A weak student project only tries a large complicated system. A basic requirement of a project is to compare to appropriate baselines, and to test what parts of a system are necessary for it to function. If an application only requires a simple method fit to a small amount of data, why do more? So starting with the smallest system that might work and building it up is often a good strategy.

However, the peculiar history of machine learning is that the ‘charlatan’ approach (using far more parameters than seem statistically justified) has worked well. It can be easier to find parameter settings that work well for large machine learning systems than small ones, because there are often more settings of the parameters that will work well. However, some form of “regularization” (covered in later lectures) is required to avoid the numerical and statistical problems that result from having ‘too many’ parameters.

Is this note examinable?

In general, anything covered in the course might be tested on the exam, except where marked “non-examinable” or “for keen students”. However, this general introduction was meant for motivation, and where material is examinable, we will revisit it in future notes. You do not have to know the details of the particular Viola and Jones or Le et al. papers mentioned in this note. Although it is always possible an exam could describe details of such a system, and then ask you to apply your knowledge from the course to discuss it.

Further Reading

The main task for the first week is to check whether you should be taking IAML or this class. See the maths and programming background notes and self test. Then make sure you keep up with the linear regression material that comes next.
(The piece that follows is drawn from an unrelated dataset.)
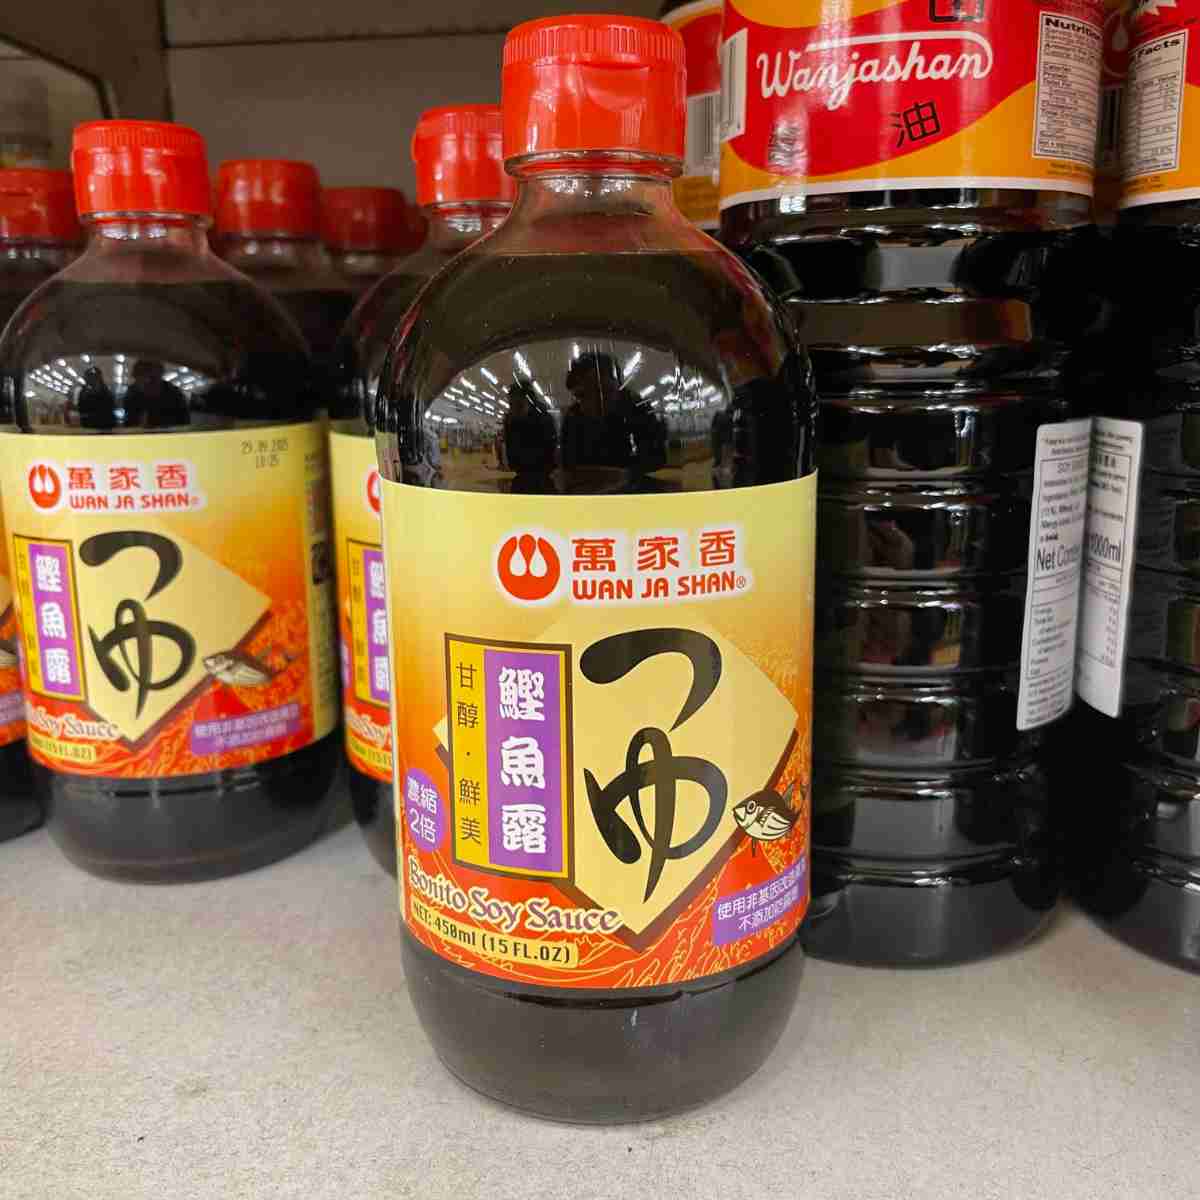 bottled Tsuyu sauce uses

However, if you wish to read more now, Chapter 1 of Murphy gives a good overview of machine learning. It’s much more detailed and in depth than my first lecture, and almost all relevant for this course.

For keen students: In addition to the citations given in line, here are some references on internet-scale text classification, such as for spam filtering.


  1. Acknowledgement: the opening example is heavily influenced by Geoff Hinton and Sam Roweis’s teaching.

  2. If you have seen MLPR’s opening material before, you could entertain yourself by finding a copy of the Acton book and trying its opening exercise about a train track. It’s a simple-looking problem that requires a surprising amount of thought and mathematical insight to compute an accurate answer.